Protective role of vitamin D signaling in skin cancer formation

Vitamin D sufficiency is associated with protection against malignancy in a number of tissues clinically, and a strong body of evidence from animal and cell culture studies supports this protective role. Cancers in the skin differ, however, in that higher serum levels of 25OHD are associated with increased basal cell carcinomas (BCC), the most common form of epidermal malignancy. This result may be interpreted as indicating the role of UVR (spectrum 280–320) in producing vitamin D in the skin as well as causing those DNA mutations and proliferative changes that lead to epidermal malignancies. Recent animal studies have shown that mice lacking the vitamin D receptor (VDR) are predisposed to developing skin tumors either from chemical carcinogens such as 7,12-dimethylbenzanthracene (DMBA) or chronic UVR exposure.

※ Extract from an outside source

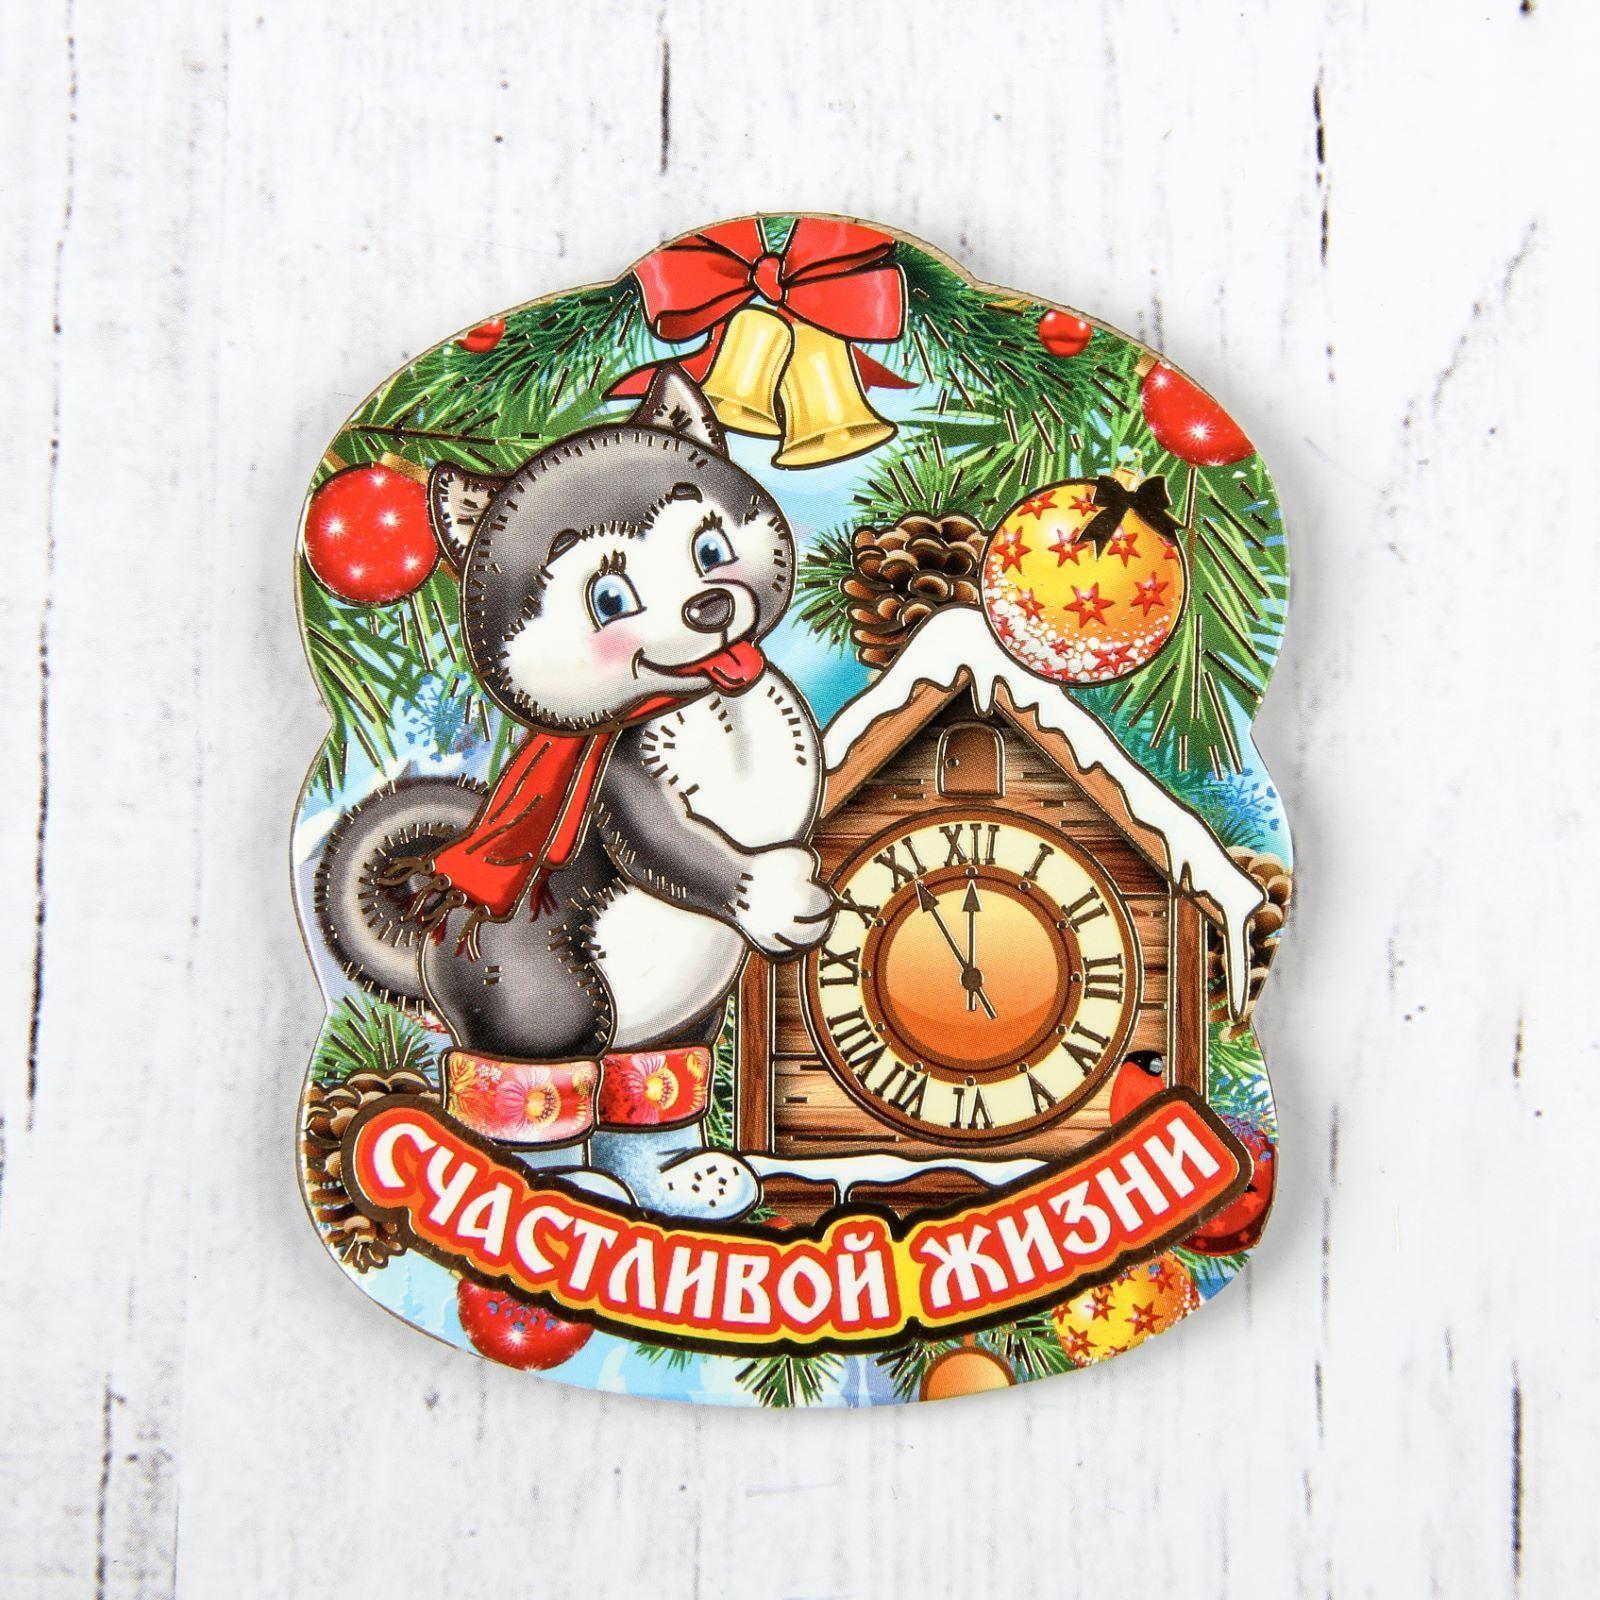 Магнит Sima-land Новогодний. 2018, 9 х 7,5 см. 25324292532429Порадуйте родных и близких оригинальным сувениром: преподнесите в подарок магнит. С ним даже самый серьезный человек почувствует себя ребенком, ожидающим чудо! Прикрепите его к любой металлической поверхности, и он удержит на виду важные записки, любовные послания или просто список продуктов.Создайте праздничное настроение, и оно останется с вами на весь год.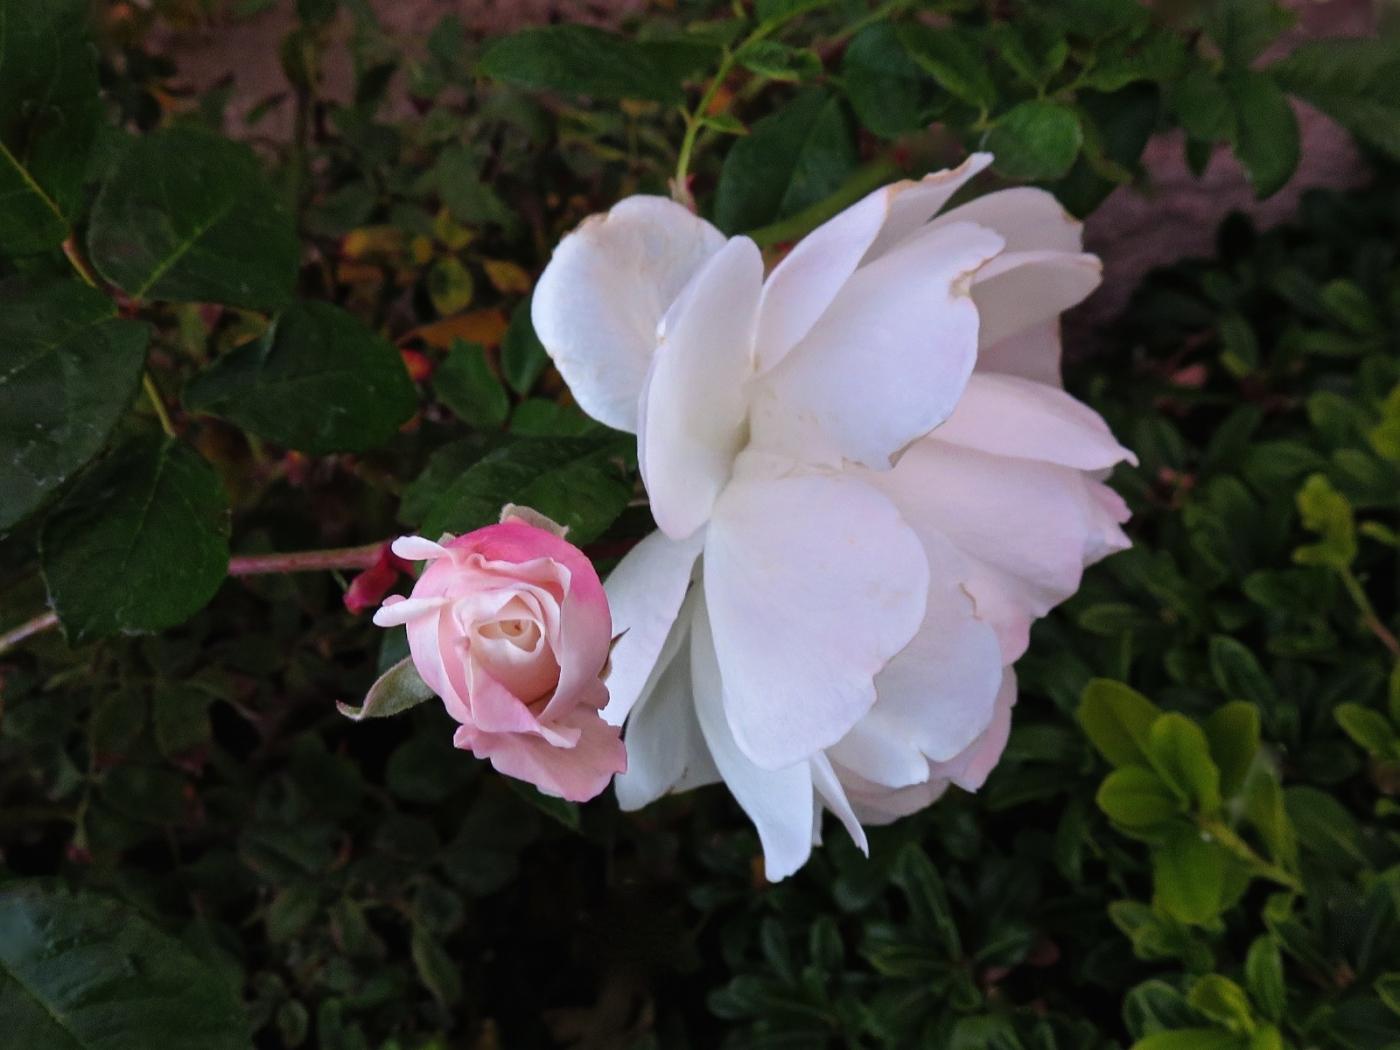 【晓鸣摄影】花卉植物49作展+独创简诗对照谱_图1-18

Such studies suggest that vitamin D production and subsequent signaling through the VDR in the skin may have evolved in part as a protective mechanism against UVR induced epidermal cancer formation. In this manuscript we provide evidence indicating that vitamin D signaling protects the skin from cancer formation by controlling keratinocyte proliferation and differentiation, facilitating DNA repair, and suppressing activation of the hedgehog (Hh) pathway following UVR exposure.